Vogue International Editor Suzy Menkes is the best-known fashion journalist in the world. After 25 years commenting on fashion for the International Herald Tribune (rebranded recently as The International New York Times), Suzy Menkes now writes exclusively for Vogue online, covering fashion worldwide.
Miuccia’s dolly girls
Miu Miu Resort show digitalises the decades
6 Июля 2014
Short coats with pert buttons, iron-flat hair with dolly girl eye makeup and a whiff of London’s Carnaby Street in the 1960s — the MiuMiu resort look was familiar — yet tailor-made for the 21st century.
As the models strode out with gladiator sandals climbing towards bare thighs and psychedelic patterned dresses, it was Miuccia Prada’s artful mash-up of fashion decades that revitalised the past for this show on the eve of Paris haute couture.
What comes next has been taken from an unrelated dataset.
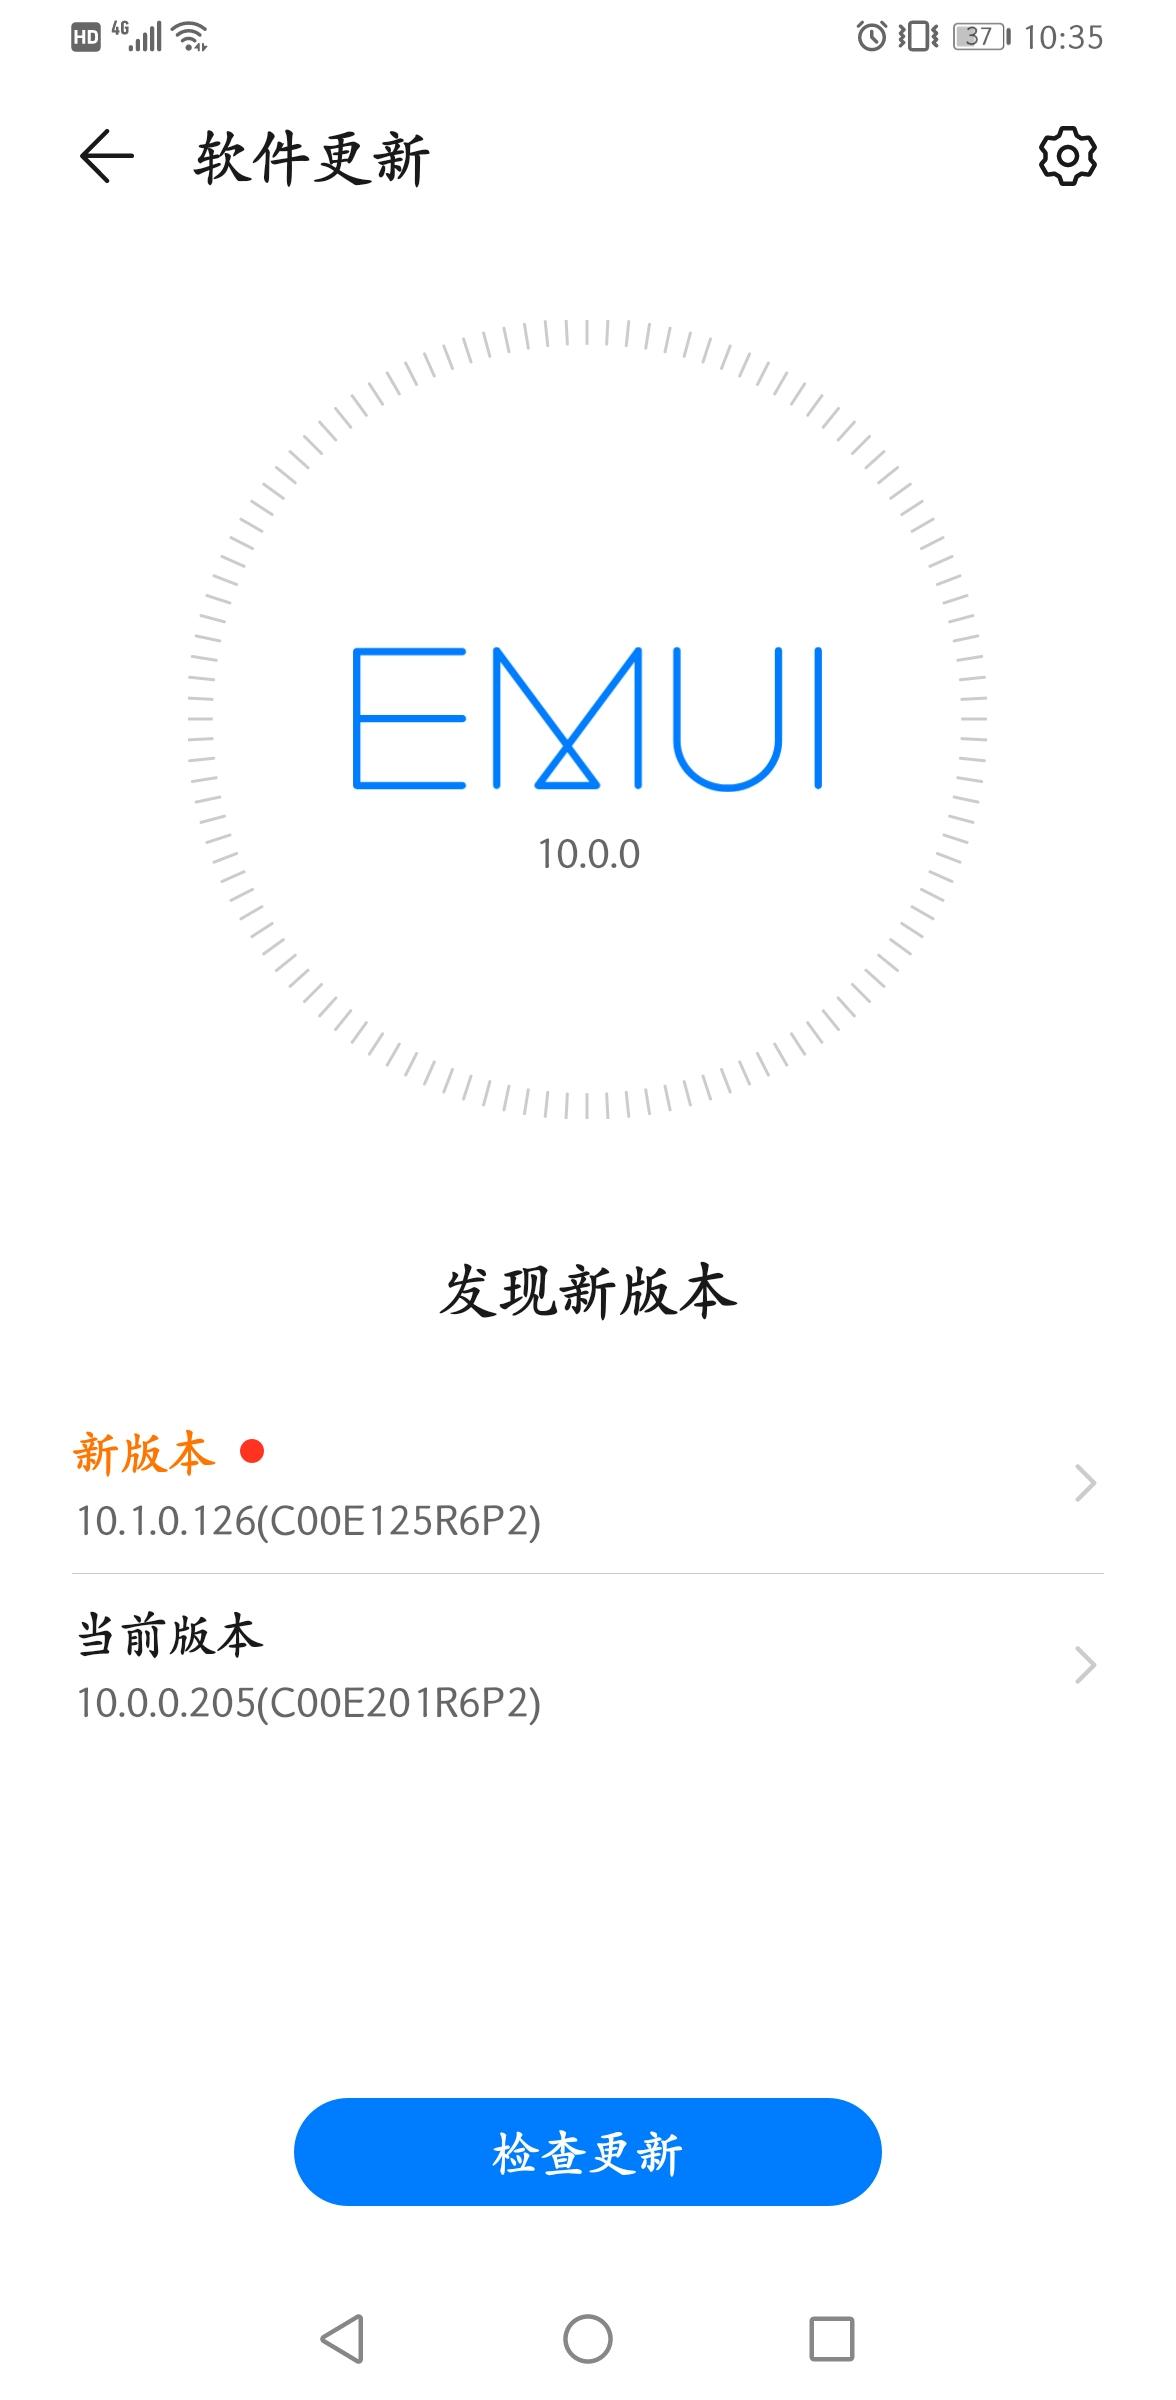 Screenshot_20200515_103548_com.huawei.android.hwouc.jpg
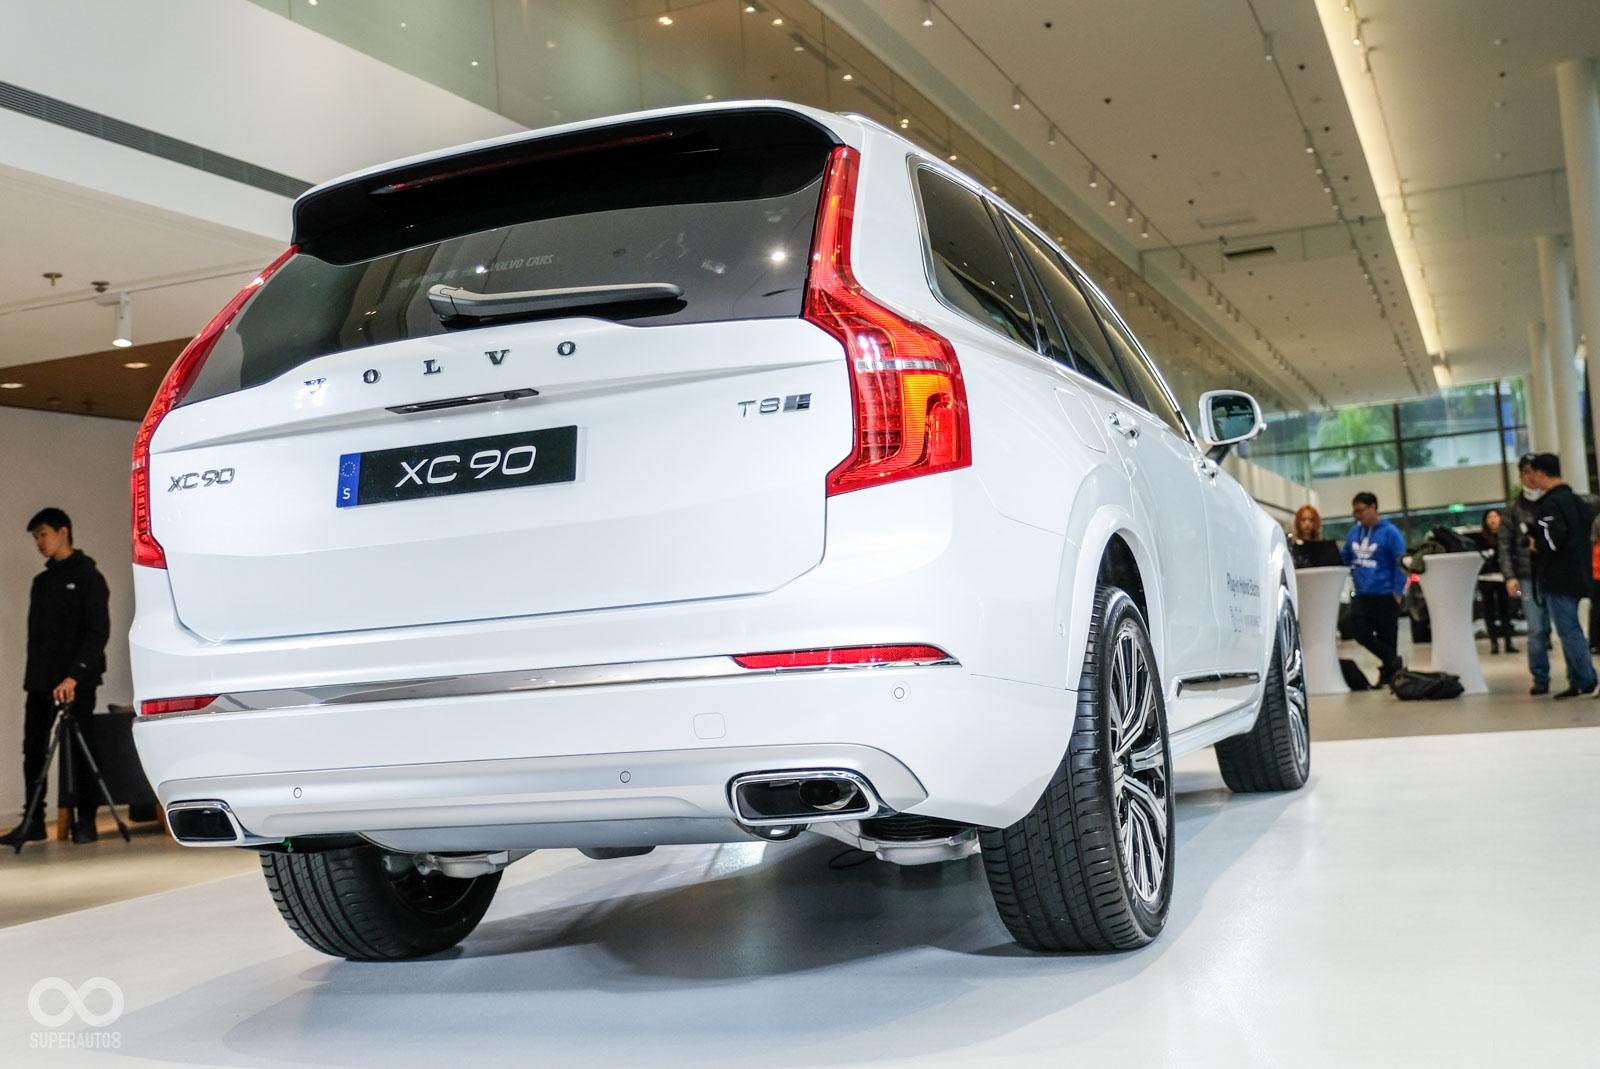 Volvo Xc90小改款提前現身 年底台北車展正式發表 Supermoto8

A graphic crochet tab across the bust? It was pure ‘70s laced with today’s fresh love affair with hand-work. Floaty, full-sleeved blouses with skinny-hip pants were a new take on androgyny. The sour colours, mixing orange and pink, or greens from olive drab to emerald, were pure Prada and her 1990s ugly aesthetic.
It was the digital element, blowing up Paisley prints until they looked like grass green plankton squirming on a mud brown surface, that stopped the show from feeling retro — even if the bucket chairs lining the geometric carpet runway suggested another revival.
But Miuccia’s skill is to make the commercial seem artistic. The line-up for the dinner – where the flower vases and bread plates were carved in wood — had an arty feeling. Add Steve McQueen, Uma Thurman, Roman Polanski with his actress wife Emmanuelle Seigner, designer Marc Jacobs and Prada’s art and architecture friends — and the recipe for success was as certain a hit as the Italian menu.